How LucidPal streams tokens from llama.cpp to the SwiftUI UI.

Flow

User sends message

ChatViewModel.sendMessage()

Build system prompt (calendar context injected — see [System Prompt Builder](./system-prompt))

llmService.generate() → AsyncThrowingStream<String>

LlamaActor.generate() — serial actor, C FFI

Token-by-token via AsyncThrowingStream

applyStreamToken() — think/response split

executeCalendarActions() — extract + execute JSON blocks

Update messages array → SwiftUI re-renders

Token Streaming

LLMService.generate() returns an AsyncThrowingStream<String, Error> — each element is one token (~1 word fragment). ChatViewModel consumes this stream and applies each token live:

for try await token in llmService.generate(
systemPrompt: systemPrompt,
messages: historyMessages,
thinkingEnabled: showThinking
) {
guard let idx = messages.firstIndex(where: { $0.id == assistantID }) else { break }
applyStreamToken(token, rawBuffer: &raw, thinkDone: &thinkDone, ...)
}

Token travel path (end-to-end)

llama.cpp C layer
llama_sampler_sample() ← samples next token ID from logits
llama_token_to_piece() ← converts token ID → raw [CChar] bytes
decodeUTF8([CChar]) ← buffers incomplete UTF-8 sequences,
flushes when valid string boundary found
continuation.yield(str) ← emits String into AsyncThrowingStream

LLMService (actor bridge)
for try await token in stream ← re-yields each fragment upstream

ChatViewModel.runGenerationLoop()
applyStreamToken(token, ...) ← routes token to think buffer or content

@Published messages[idx].content ← triggers SwiftUI diff

MessageBubbleView / ThinkingDisclosure
re-rendered on every token yield

decodeUTF8 is the only buffering step before the stream: it holds CChar bytes in a pending buffer until String(validatingUTF8:) succeeds, ensuring multi-byte characters (e.g. emoji, CJK) are never split across yields.

Stop Conditions

streamTokens (in LlamaActor+Generate.swift) exits the autoregressive loop on the first matching condition:

ConditionCheckBehaviour
EOS / EOG tokenllama_vocab_is_eog(vocab, newTok)Clean stop, stream finishes normally
maxNewTokens reachedcurrentCursor - startCur >= maxNew (default 768)Clean stop
Context window fullcurrentCursor >= ctxLimitClean stop (last usable position)
Swift Task cancelledTask.isCancelled checked each iterationBreaks loop; partial content kept if non-empty
llama_decode failurereturn value != 0Throws LLMError.generateFailed
TimeoutwithThrowingTaskGroup race in streamLLMResponseThrows LLMError.timeout; partial content shown + notice appended

After any clean exit flushPending(continuation:) is called to emit any remaining buffered UTF-8 bytes before the stream is finished.

Action Block Detection

Action blocks are not parsed during streaming — they are extracted after generation completes, in finalizeResponse(). The pipeline is:

Generation stream ends

finalizeResponse(assistantID:)

extractWebSearchQuery() → if [WEB_SEARCH:{...}] found, re-generate with results

executeCalendarActions() → [CALENDAR_ACTION:{...}] → EventKit

executeNoteActions() → [NOTE_ACTION:{...}] → NotesStore

executeContactsSearch() → [CONTACTS_SEARCH:{...}] → ContactsService

executeHabitActions() → [HABIT_ACTION:{...}] → HabitStore

executeReminderActions() → [REMINDER_ACTION:{...}] → EventKit reminders

messages[idx].content stripped of action tokens
messages[idx].calendarEventPreviews / notePreviews / … populated

SwiftUI renders action result cards (CalendarEventCard, NoteCard, …)

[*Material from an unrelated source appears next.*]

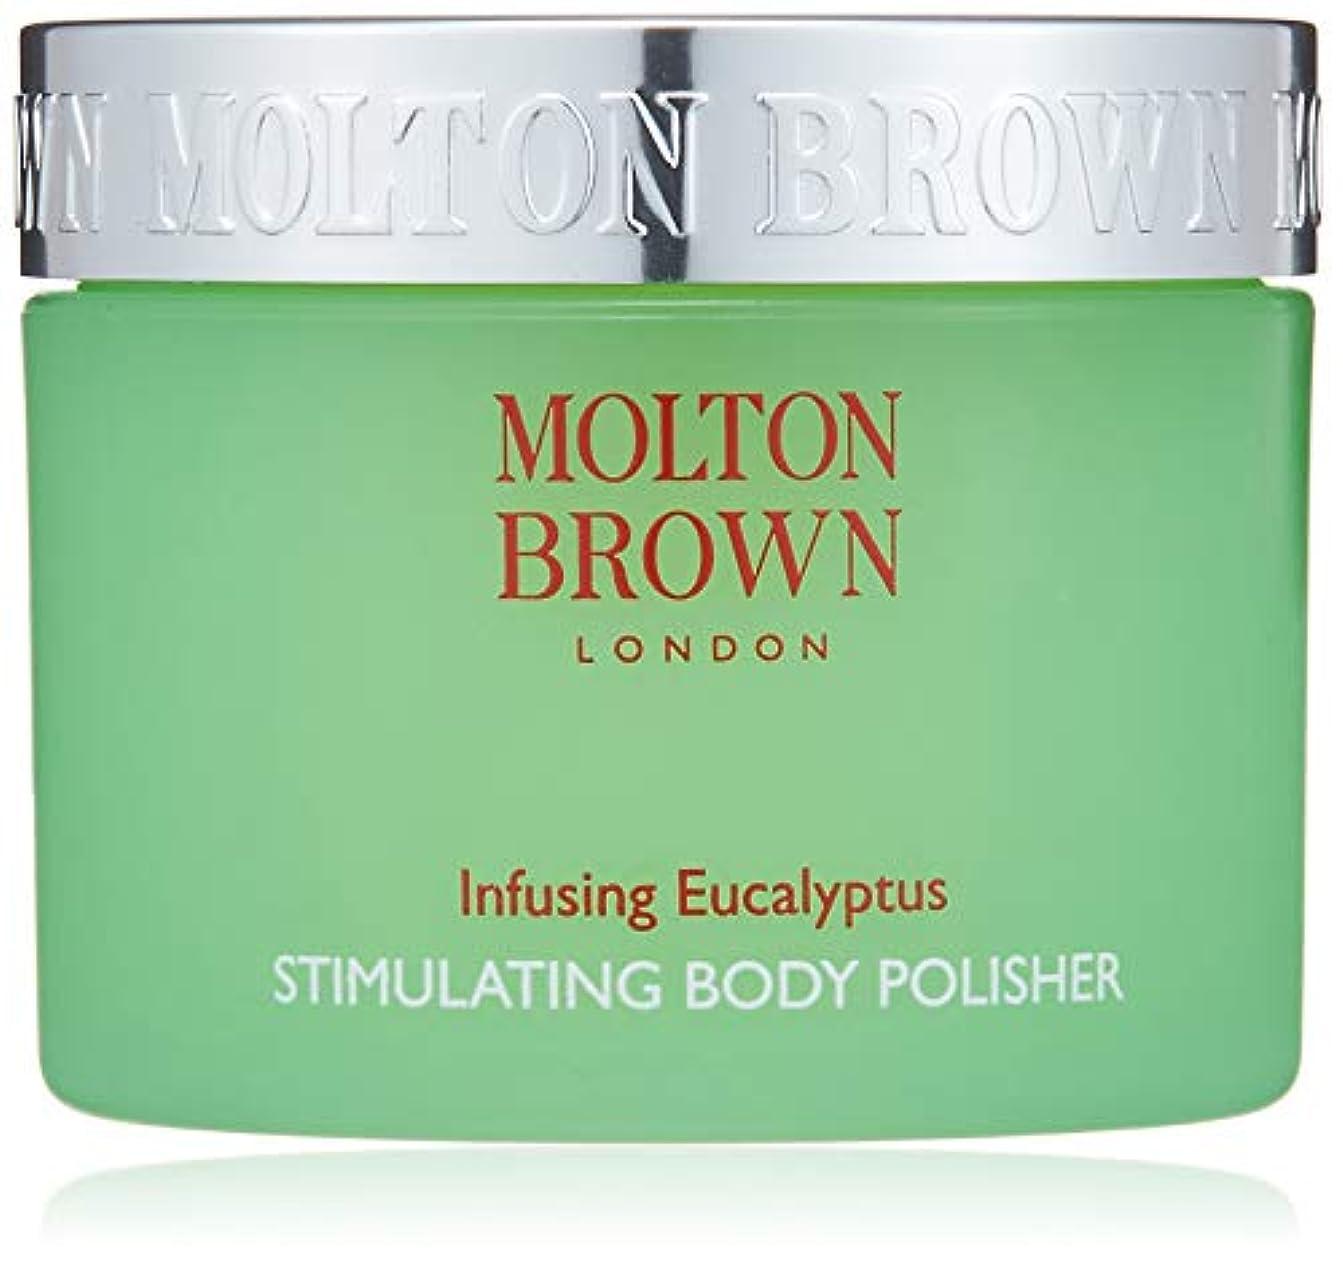 札入れ鉛インカ帝国MOLTON BROWN(モルトンブラウン) インフュージング ユーカリプタス スティミュレイティング ボディポリッシャー

Each execute* call receives the full final content string, scans for its action tag using a regex or string search, decodes the embedded JSON payload, executes the side-effect, and returns a cleaned content string with the raw action token removed.

Web search is special: if a [WEB_SEARCH:{...}] block is found, the assistant message is cleared and a second full generation pass runs with the search results injected as a user message, subject to the same timeout.

Thinking Mode (Qwen3.5 <think> Tags)

Qwen3.5 models emit a <think>...</think> block before answering. LucidPal handles this live:

<think>
The user wants to create an event...
</think>
Here's your event — tap confirm.

applyStreamToken() buffers the prefix and splits at </think>:

Buffer stateAction
Starts with <think> (no close yet)Set isThinking = true, show in ThinkingDisclosure
</think> detectedExtract thinking text, reset to response mode
No <think> prefixTreat entire output as response

applyStreamToken is called on every individual token during streaming. The rawBuffer accumulates the full output so far. Think-block detection happens liveisThinking and thinkingContent are updated on each token, so ThinkingDisclosure animates in real time while the model is still generating.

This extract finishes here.